The robot starts at the beginning of the URL list and calls on the relevant IP address. The Google URL list contains, according to unofficial estimates around 24 billion pages. All these pages are called sequentially. The robotic software reads the textual content of the pages and saves the entire content in compressed form. Take a look at what the search robot detects and records. With your browser it is quite simple. On any page you call in the first line of the browser menu the command view / source. You see the raw data for the browser. From this text the page is created you see on the screen. The Language of this text is called HTML (Hypertext Markup Language) (Fig. 3 source)Source Code

Program instructions and textual contents are mixed in the page description. The information is carried in this form over the traces of the Internet and arrives at the robot, when it is processing the IP addresses. How the data is passed, is the task of the so-called “parser”.

How can the robot be instructed to gather as much information as possible? Look at the procedure in detail for the scanning of any website: the robot looks first to see if he finds a file, which is called “robots.txt”. It gives him the control orders and instructions about what he should do. Google describes the procedure very precise:
http://www.google.com/support/webmasters/bin/topic.py?topic=8843

A second possibility to control the robots is the formulation of meta tags. You place them in the so-called head-Section (<head>) of the page description.

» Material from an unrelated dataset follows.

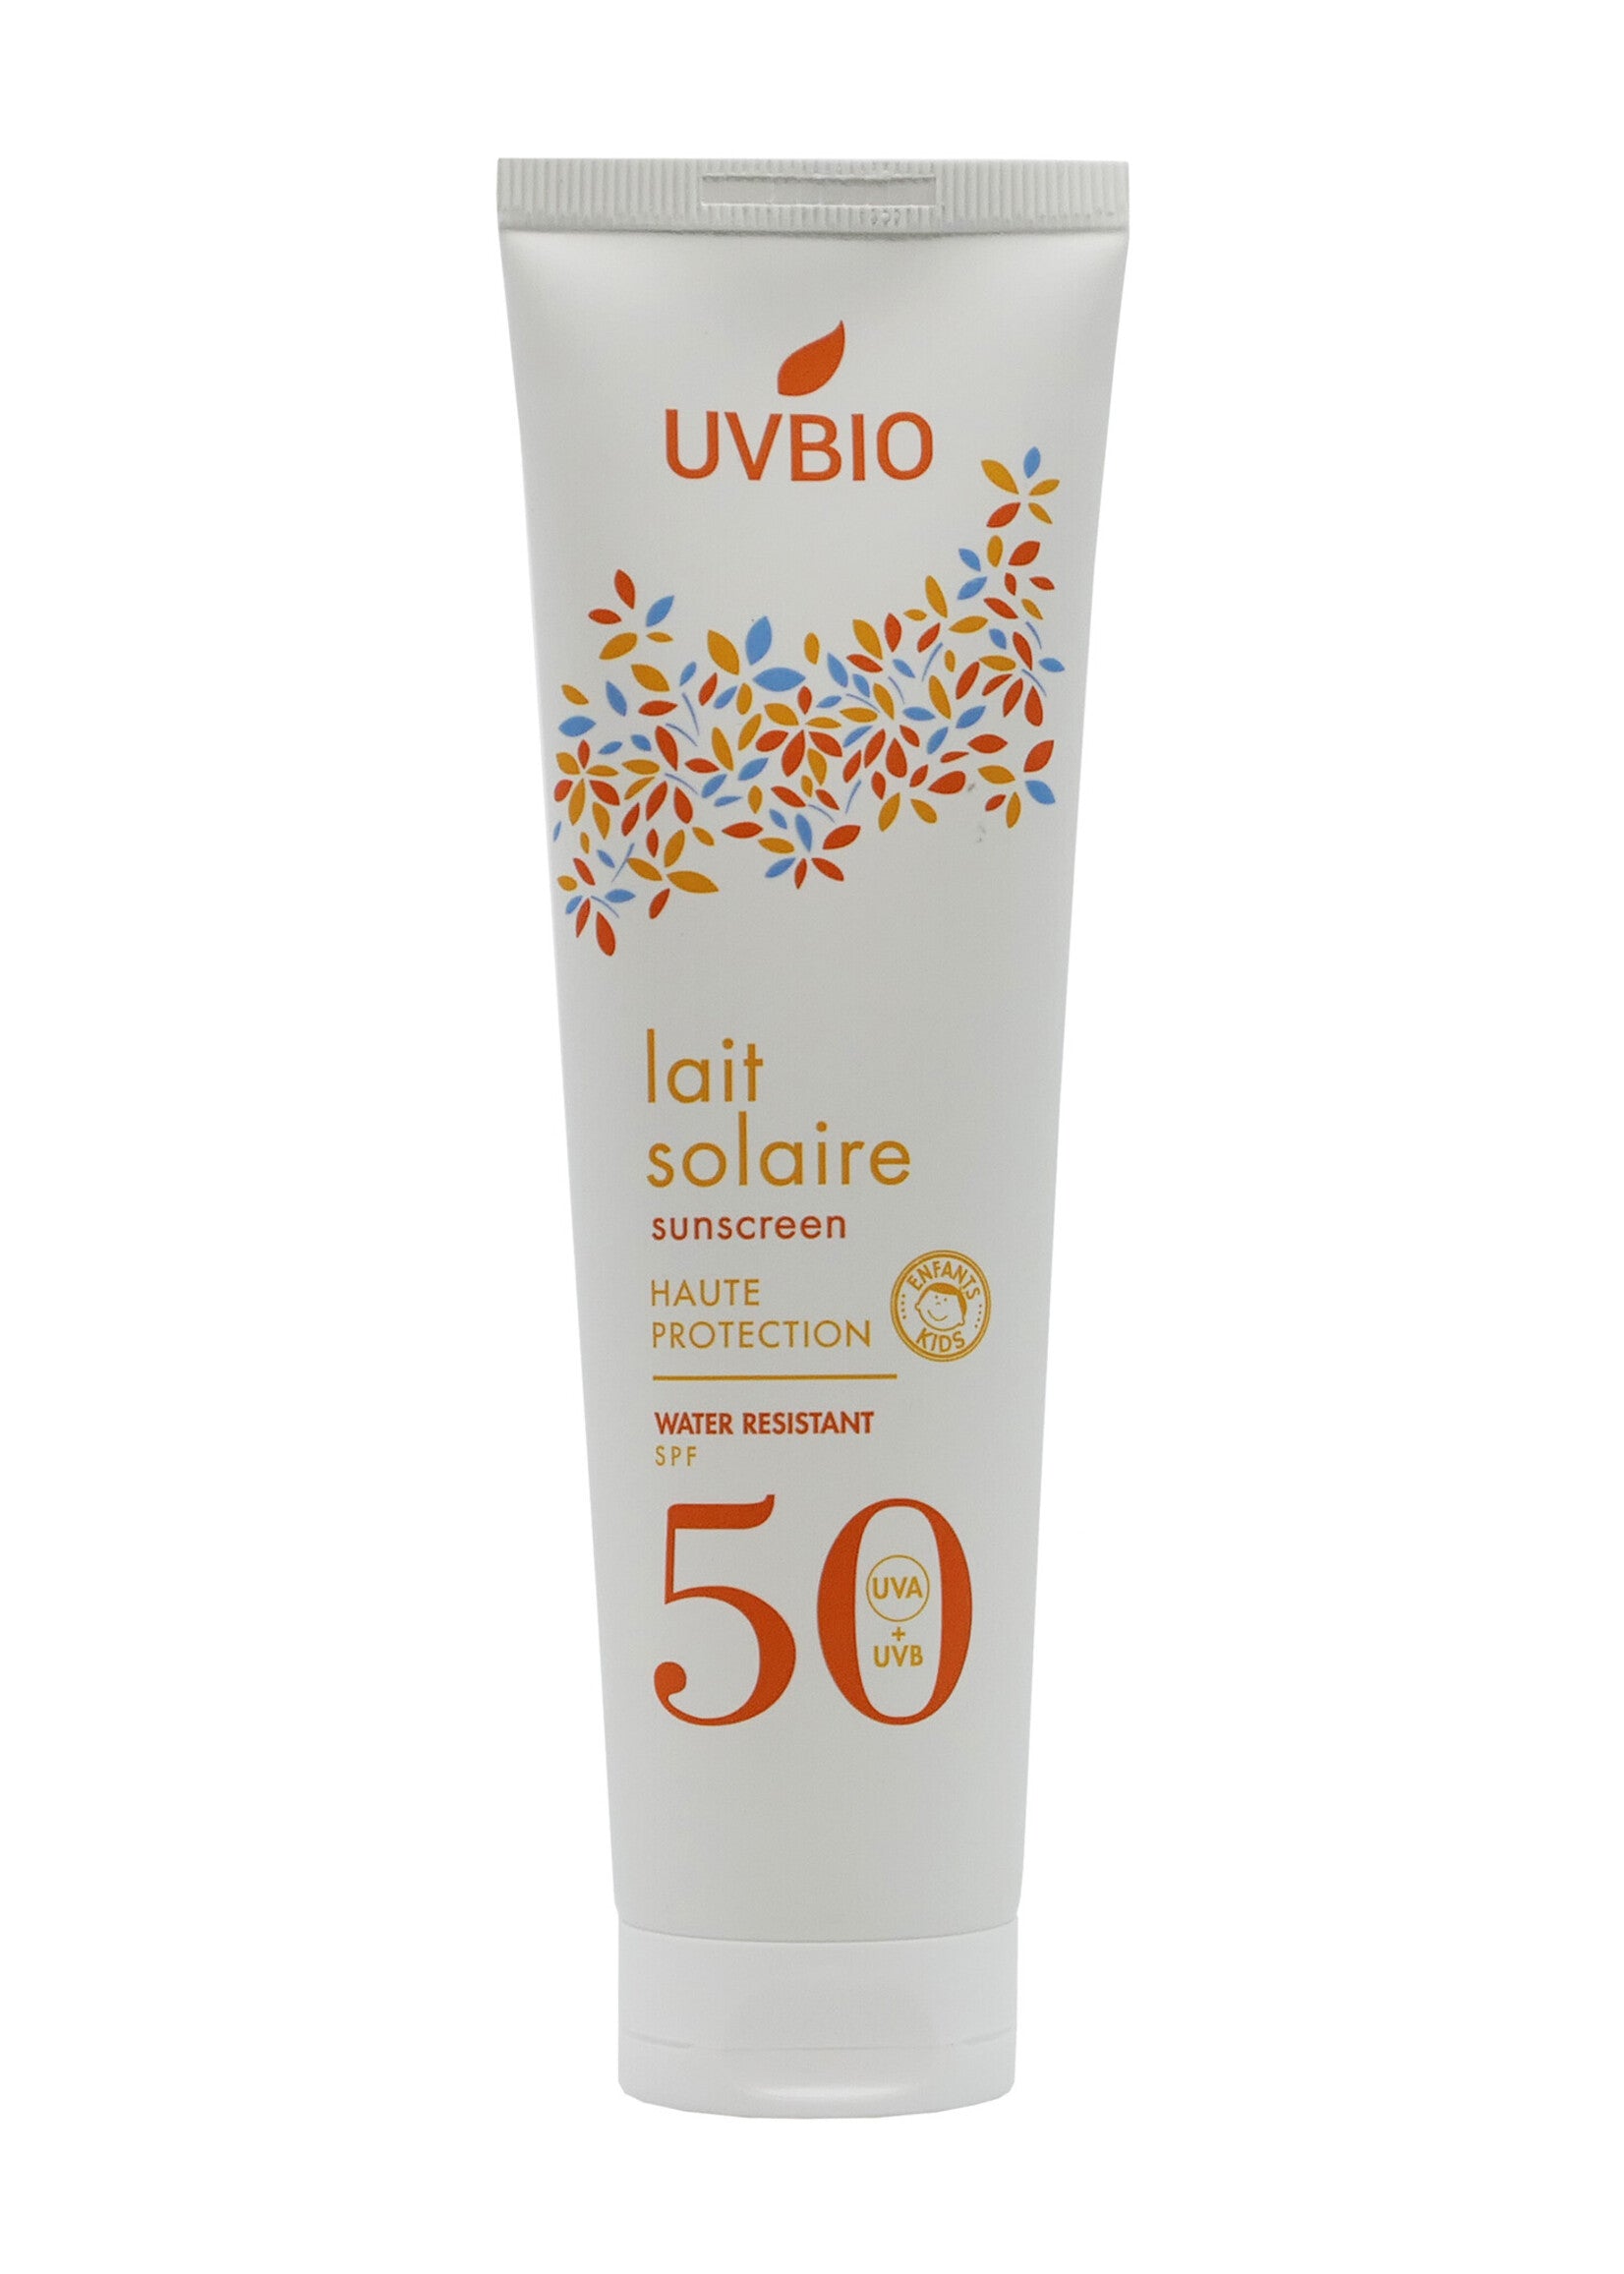 De UVBIO Biologische Zonnemelk SPF 50 met wortel-, kokosnoot- en zoete amandelolie-extracten biedt een hoge natuurlijke bescherming tegen UVA- en UVB-stralen. 
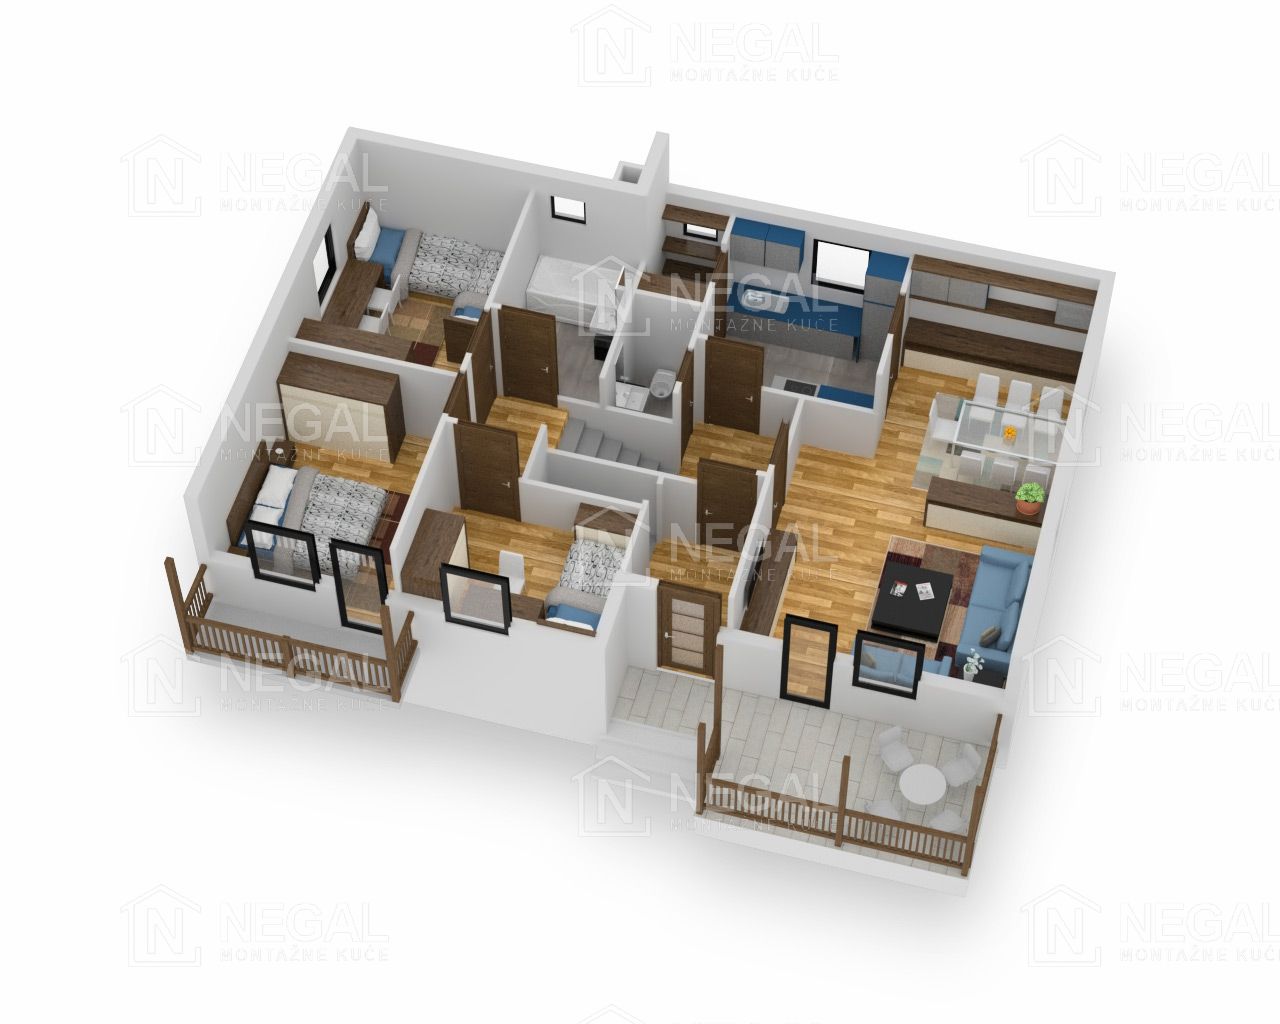 Montažna kuća Klasik Negal Ivanjica | Tip Montažne kuće 101 - 3D plan

Let’s assume the robot has found your presence and now calls on the documents related to the website. These are at first the page description (HTML) files, but also image files, graphics, PDF files and sound or video sequences.

The robot starts at the top level of the website. In this respect, it is sufficient if the homepage (first page) is notified to the search engine, because this page leads the visitor to the following pages. The related links are also enough food for the robot to find more pages. The robot autonomously writes unknown URL's read from the pages in the URL list (see above).

In this way the robot scans all the pages from your Web site and sends a copy to the database of the search engine. It is said that Google, for example, is combing about 8 billion pages in 4 weeks and passes them to the parser.

The parser is a sort engine. He selects a plethora of potential misinformation the search engine cannot cope with. That is for example, coding errors, spaces, nested loops and all other sorts of data useless for the subsequent data processing.

The indexer, as the following program is called, browses through the pages and attracts the keywords. The keywords get an index, and are sorted in a lexicon. If you want to get an idea about which keywords can be found on your page, enter your URL (or any) into the following program and receive an analysis that is roughly corresponding to the result of the indexer: http://www.addme.com/keyword-density.htm. Now there is a list for each page with the number of keywords: page -> keywords.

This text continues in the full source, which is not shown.